The last side effect I wish to mention of this medication is that it would often cause me to sleep for ridiculous amounts of time – I think the longest I have been asleep on this medication for is about 14 and a half hours, meaning that on certain days I am literally asleep for longer than I am actually awake and on some days I have as much as 7 and a half hours to my day until I need to go to bed at 12:00am-01:00am.
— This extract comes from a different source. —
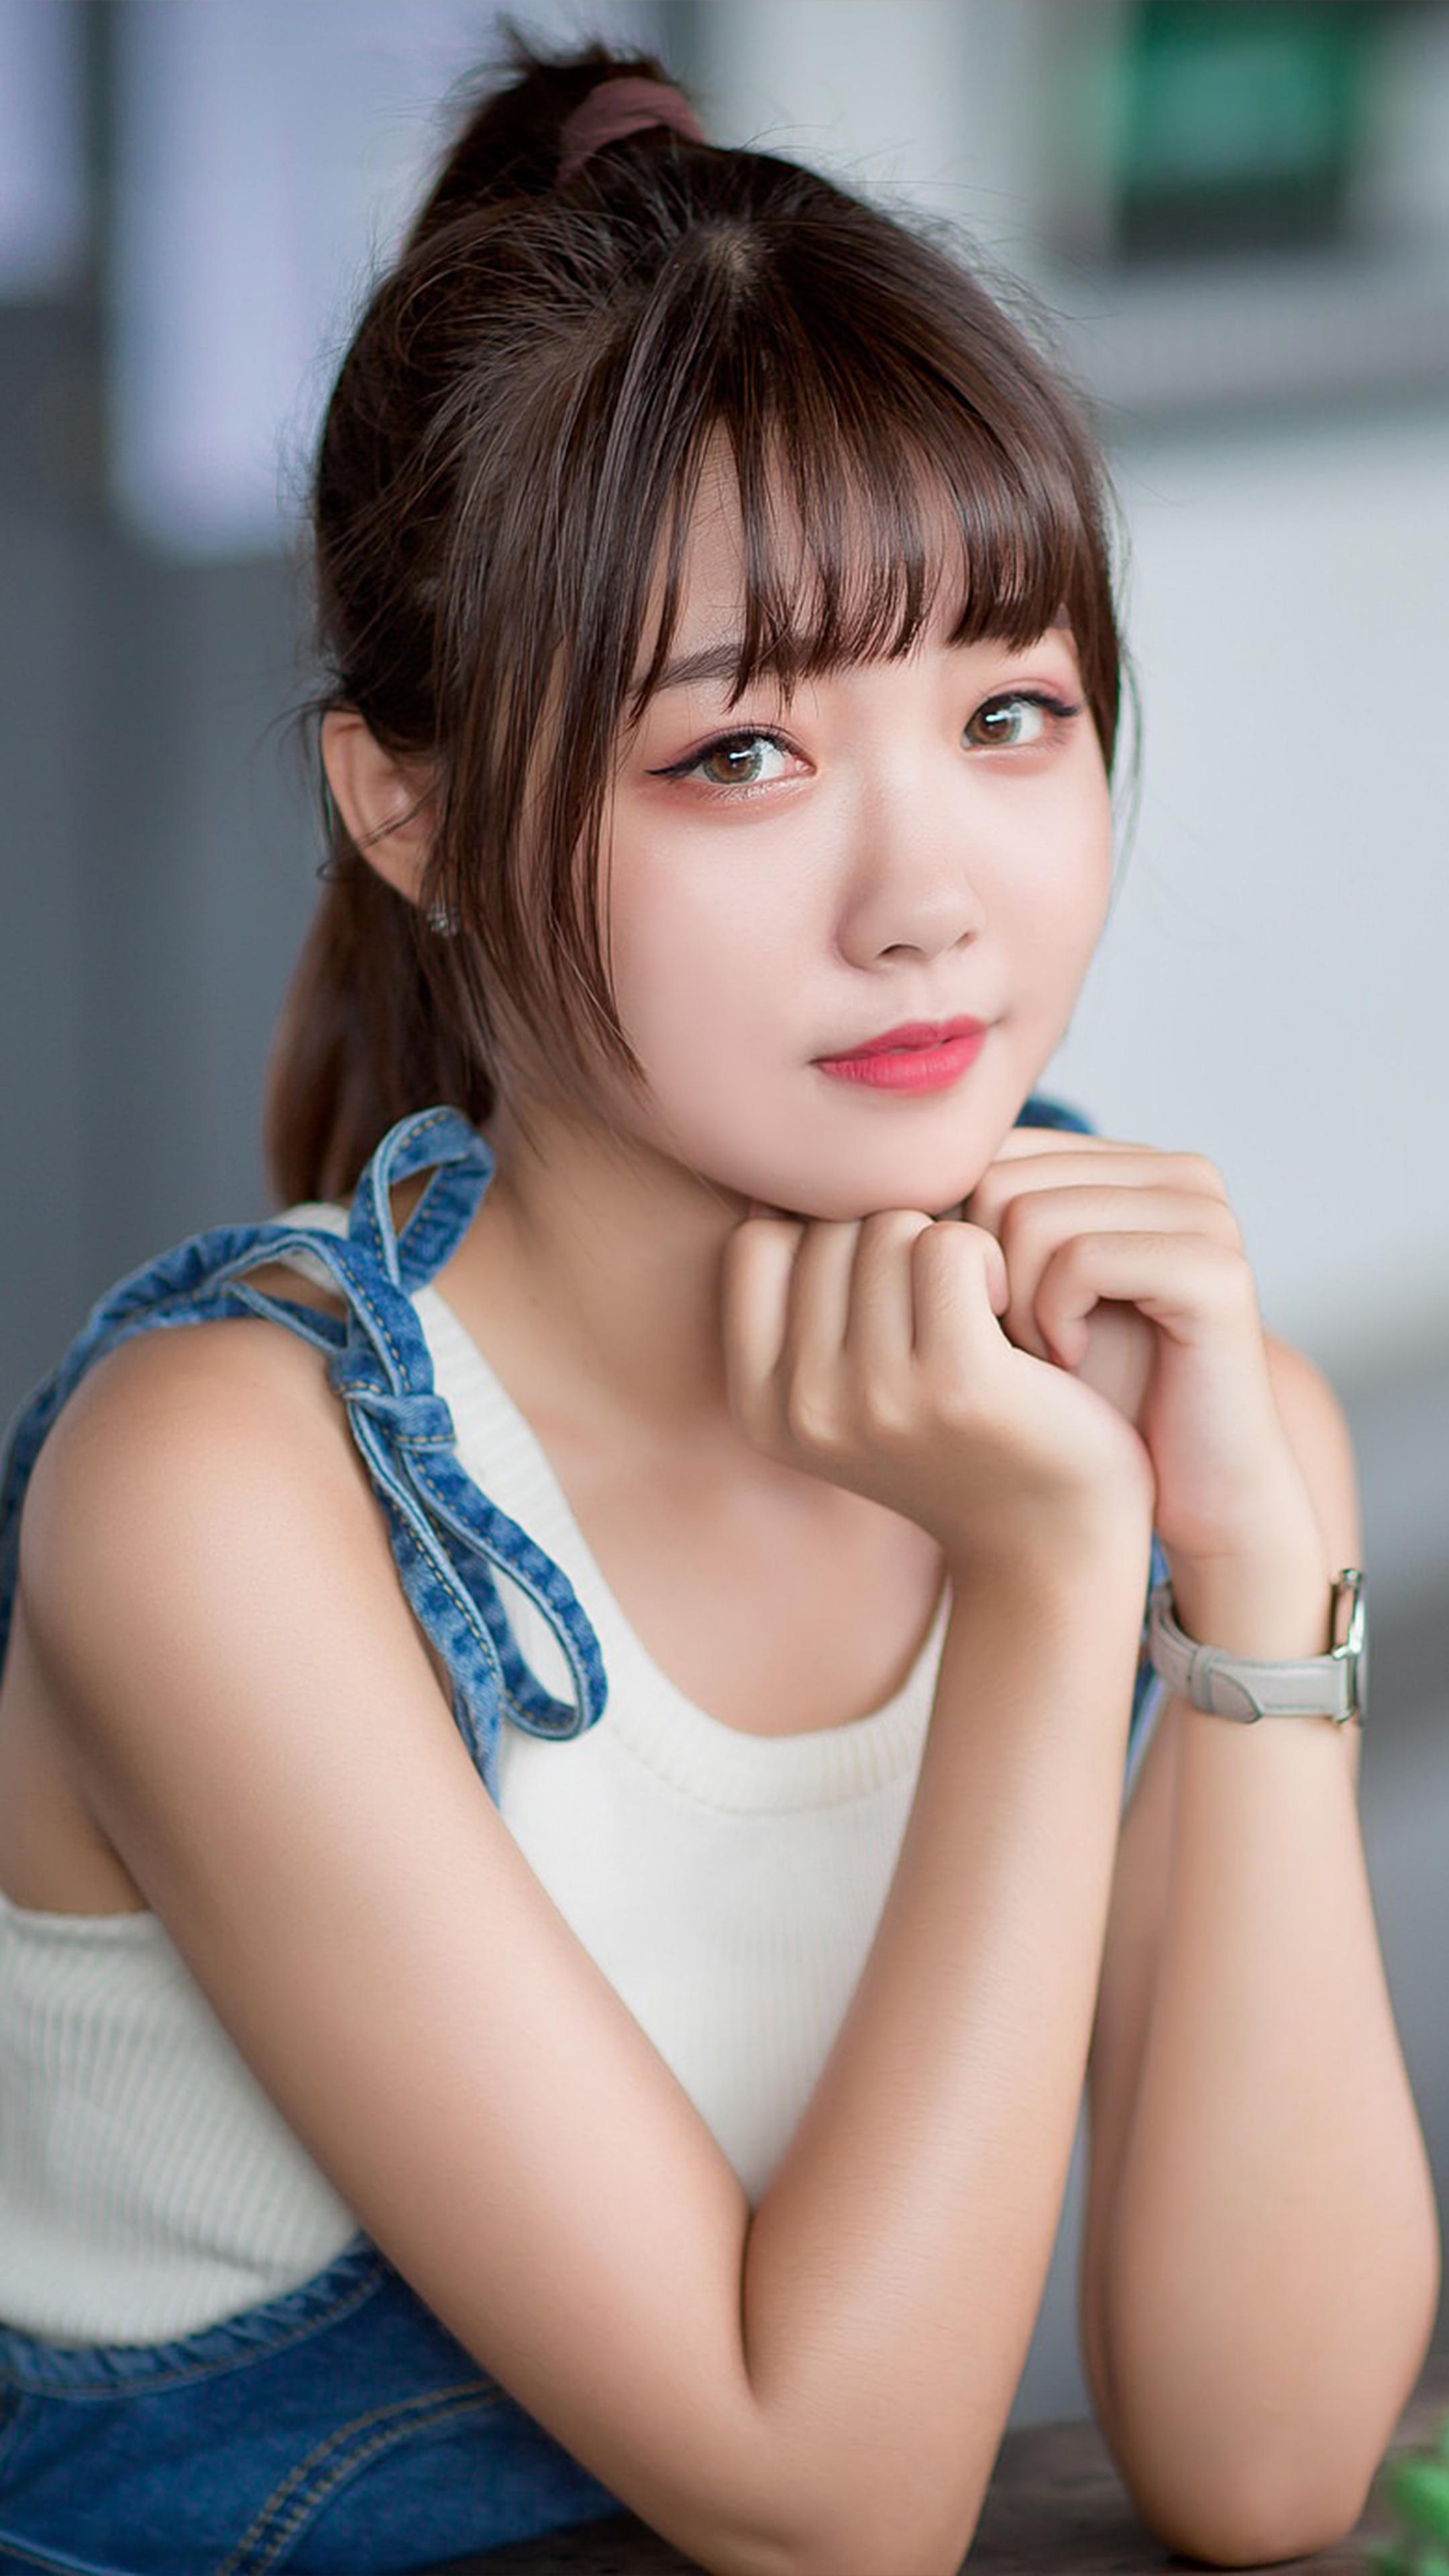 Cute Adorable Asian Girl Photography 4k Ultra Hd Mobile Wallpaper

I have been taking this medication since the start of 2023 and have raised the issue of the skin thing, which is probably an allergic reaction and was told by the pharmacist I saw that antihistamine tablets and using epaderm instead of shower gel (because shower gel often has fragrance of some sort that irritates the skin) would fix the issue. After taking the antihistamine tablets for about 2 weeks and using the epaderm cream instead of shower gel I still had the issue with my skin breaking out into hives and being extremely itchy (especially on my hands). However, recently the consultant I am seeing has agreed to reduce quetiapine and is slowly weening me off it and I am in its place taking lurasidone which I have stared this week and so far, I have had various nightmares on this medication.

Conclusion

I am by no means an expert in mental illness or mental health (I mean who is?) but I have so far tried 7 medications related to my mental illness; Risperidone, Paliperidone, Procyclidine Aripiprazole, Zuclopenthixol, Quetiapine and Lurasidone (not counting the medications I was given when very unwell in 2018). Generally, most antipsychotics come with sexual dysfunction and weight gain of some kind. But I feel that the medication that best suits your needs will be different to mine and I feel that no two people have the exact same mental illness symptoms and the exact same response to medication. I also want to add that this is kind of a continuation to my article on Things That Have Helped My Own Mental Health so please do read this article, also I feel that the article I made on My Quest for Perfect Mental Health and Sanity is relevant to this article.

I also just want to add that I feel it is irrelevant whether or not I actually have a genuine mental illness because I have since 2018 been acting as if I actualy do and my whole world has been played as if I do have a genuine mental illness, therefore whether or not I actually do is irrelevant.

Also, if you have any questions or want to talk to me about anything on this blog in general, then please do reach out! My email address is lovehumanityx[AT]protonmail(.)com and you can also encrypt the email with my key found here (if you have no idea about encryption then don’t worry about it).

If you did indeed enjoy this article, then please do consider sharing it on social media. This article in total took me around 7 hours total to make and there was a lot of re-reading and checking for grammatical errors, which this article still probably has somewhere. I also have tried to remove specific details for personal privacy.

Update 1: 04/01/24

In 2022 I also took the medication promethazine which was used to help me with sleep problems at the time. I have not taken it since.